Читать «Жизнь Никитина» онлайн - страница 113

Владимир Александрович Кораблинов

– Что ж это вы, мон шер? Нехорошо, нехорошо… Некоторые лица ваше стихотворение на свой счет принимают-с, знаете ли…

– Помилуйте, граф, кого же это может касаться?

– Да вот, представьте себе!

Стихи были читаны публично в великолепной зале кадетского корпуса. И, конечно, не без адреса. И уж, конечно, кое-кого из краснобаев-либералов задели за живое.

Да хоть того же Спасовского взять: нынешний редактор «Ведомостей», графский любимчик, протеже, в дрянном журнальчике, в копеечном «Развлечении» бичует, изволите видеть, наши провинциальные нравы, а сам попался на фальшивом завещании, шкатулку украл у родственника, племянницу ограбил… боже ты мой! Грязь какая, какая гадость!

Так, значит, господин Спасовский на свой счет принял? Очень рад, очень рад, превосходно! Стрела попала в цель.

Грозит розовый перст. Его сиятельство, кажется, изволит хмурить брови? Гм… гм…

Вы, ваше сиятельство, напрасно все еще мните себя благодетелем, меценатом безвестного воронежского мещанина Никитина. Напрасно-с. Неужто вам в голову не приходило, что не тот нынче Никитин, каким был шесть лет назад. Не тот, ваше сиятельство, не тот!

Неужели вы все еще мните, граф, что он по-прежнему, по-холопски, счастлив вашей генеральской лаской, по-прежнему млеет от снисходительно протянутой вами руки, с которой вы даже белоснежную лайковую перчатку не потрудились снять… Сказать ли? Воронежскому мещанину Никитину стыдно – слышите ли? – стыдно вспоминать свои первые шаги на литературном поприще, когда вы, ваше сиятельство, соизволили представить его русской читающей публике. Краска заливает щеки – стоит лишь вспомнить лакейскую заметку Булгарина по поводу выхода в свет злополучной книжицы стихов какого-то воронежского дворника…

А проклятые экземпляры той же, вами изданной книжонки, с верноподданническими надписями, от моего имени преподнесенные обеим императрицам и наследнику!

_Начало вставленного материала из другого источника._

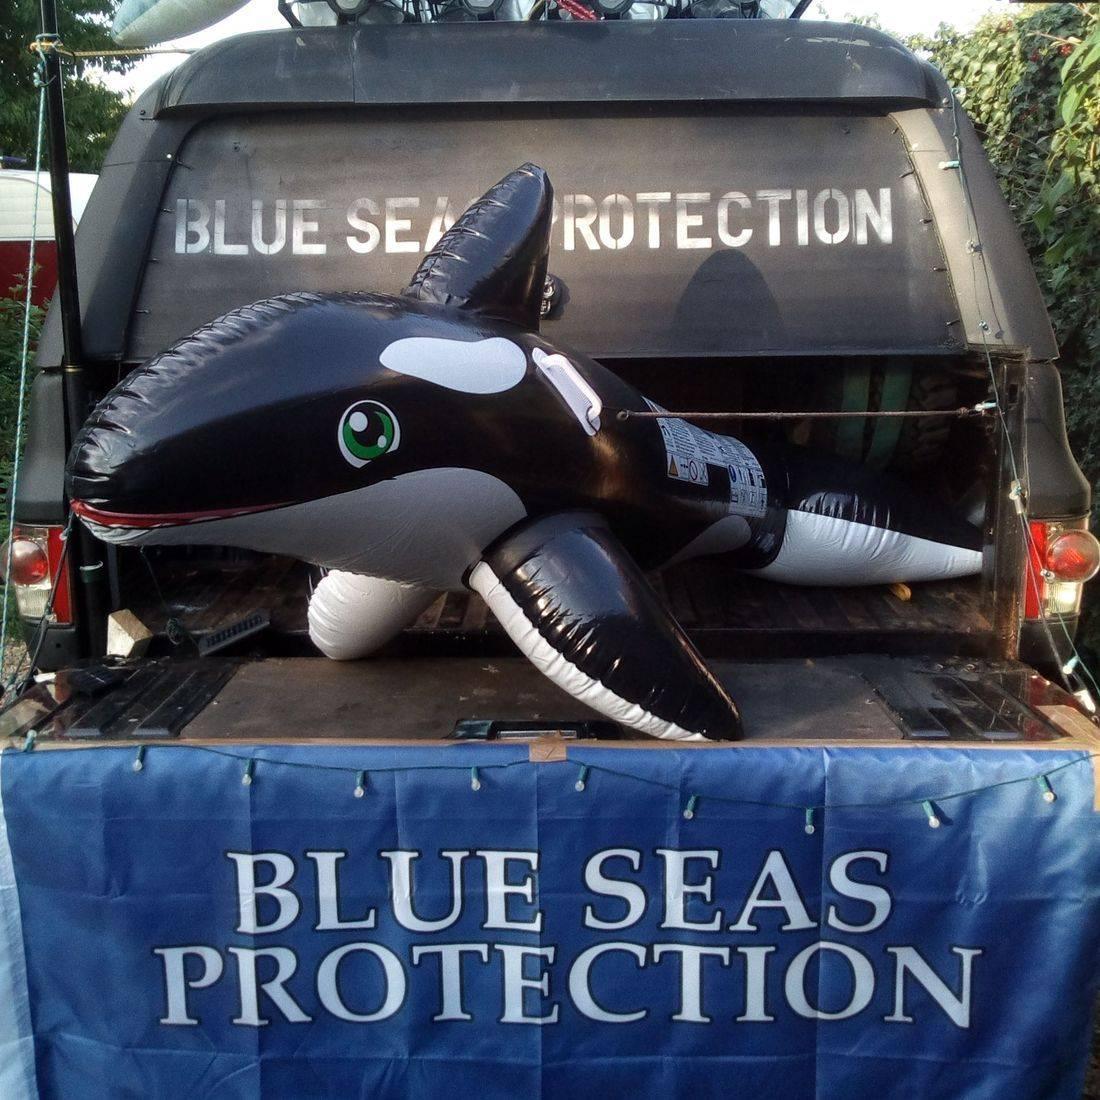 Faroes Denmark Whales guard fishing law

И затем – высочайший рескрипт в ответ и августейший подарок – золотые часы.

И, главное, ощущение мерзкого, холопского восторга (чего одна лишь записка к Николаю Иванычу стоит: «Ура! Ура! Числа не помню»), восторга, охватившего бедного сочинителя… Ощущенье, точь-в-точь, вероятно, сходное с ощущеньем дворового пса, которого хозяин мимоходом ласково потрепал за уши…

Иван Савич даже застонал и приоткрыл глаза: пыль, пыль, пожелтевшая от зноя трава на обочинах; уныло горбится ямщикова спина; блестящий, темный от пахучего пота, мерно, сильно шевелится круп буланой пристяжки. Нахохлившиеся кособокие избы тянутся вдоль дороги, жалкие, убогие, как нищие возле паперти. Ни деревца возле них, ни кустика. На голом месте жмутся робко друг к дружке, с затаенной ненавистью поглядывая на путников крошечными подслеповатыми оконцами, словно зияющие раны, выставляя напоказ дырявые крыши, обвалившиеся углы, разгороженные задворки.